Premenstrual Dysphoric Disorder (PMDD) was first described in 1987, when it was included in the American Psychiatric Association’s DSM (Diagnostic Statistical Manual for mental health disorders)- although it was then called ‘Late Luteal Phase Dysphoric Disorder‘ [1]. It refers to individuals who experience severe (life-affecting) mood swings, anxiety, or low mood (and perhaps some physical symptoms), in the premenstrual phase (two weeks before menstruation), with symptoms disappearing between menstruation and ovulation [1].

PMDD is often described as ‘severe PMS’ (Premenstrual Syndrome) but this is NOT strictly true, since PMS is a term used to describe any symptom experienced in the premenstrual phase i.e. including physical symptoms such as constipation, migraine, painful breasts, or fatigue, and not only, or mainly, mood-related problems (which is the case for PMDD) [1].

PMDD is a highly controversial diagnosis because although it is a hormonal problem by definition, it is classified as a mental health disorder [2]. This is not the case for other hormonal conditions that result in mood swings, anxiety, or depression, e.g. thyroid disorders [2]. So, it is felt by many to be another example of society’s habit of wrongly associating the female reproductive system with supposedly irrational thinking and behaviour [3], or with psychosomatic disorders [4] (a physical problem with a psychological cause- which is definitely not the case for either PMS, or PMDD, since they are obviously triggered by the menstrual cycle).

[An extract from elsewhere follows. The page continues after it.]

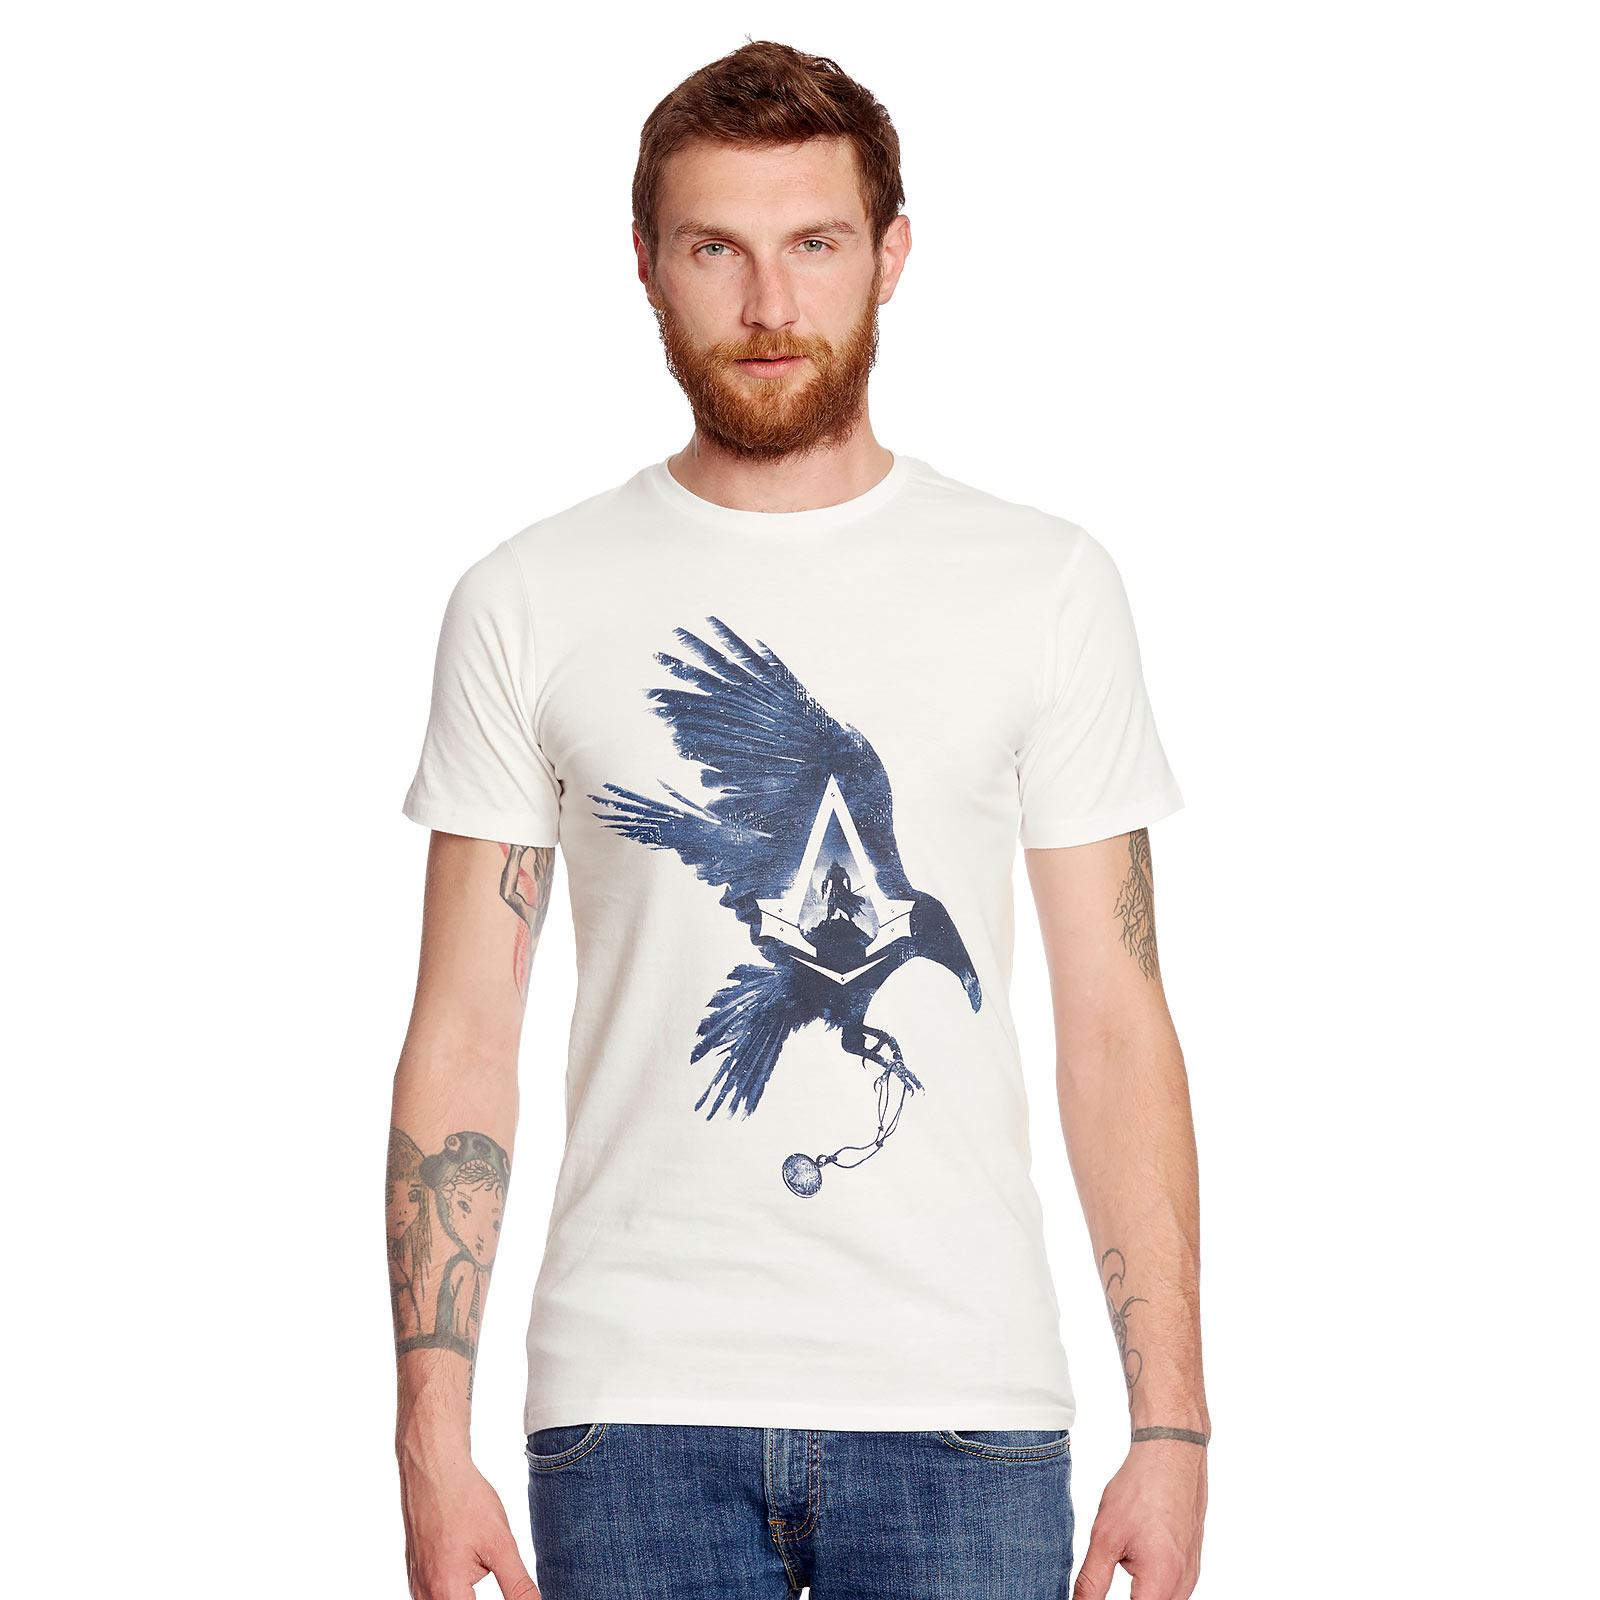 Assassins Creed - Jacob Frye Raven T-Shirt weiß

However, this is not to say that experts do not agree that some people’s moods are significantly affected by their menstrual cycle, the disagreement is only around the way in which the problem is classified (e.g. is it a hormonal, reproductive health, or a psychiatric problem? Is there an underlying mental health disorder that is ‘triggered’ or ‘worsened’ by the menstrual cycle, or is it directly caused by the changing levels of sex hormones, or external social factors?), and treated (e.g. with anti-depressants/ psychological therapy, hormonal medications/ interventions, or lifestyle and dietary options) [1] [3].

Main symptoms: A diagnosis of PMDD requires the presence of at least five ‘PMS’ symptoms with at least one of the main symptoms being; severe tearfulness, irritability, depressed mood, or anxiety/ tension. These symptoms should only occur up to two weeks before menstruation and stop after menstruation begins. In order to meet the criteria for diagnosis, the symptoms should be tracked for at least two consecutive ovulation cycles in order to confirm the cyclical nature of symptoms. The symptoms should also be severe enough to significantly affect normal work, school, or social activities or relationships with others [1].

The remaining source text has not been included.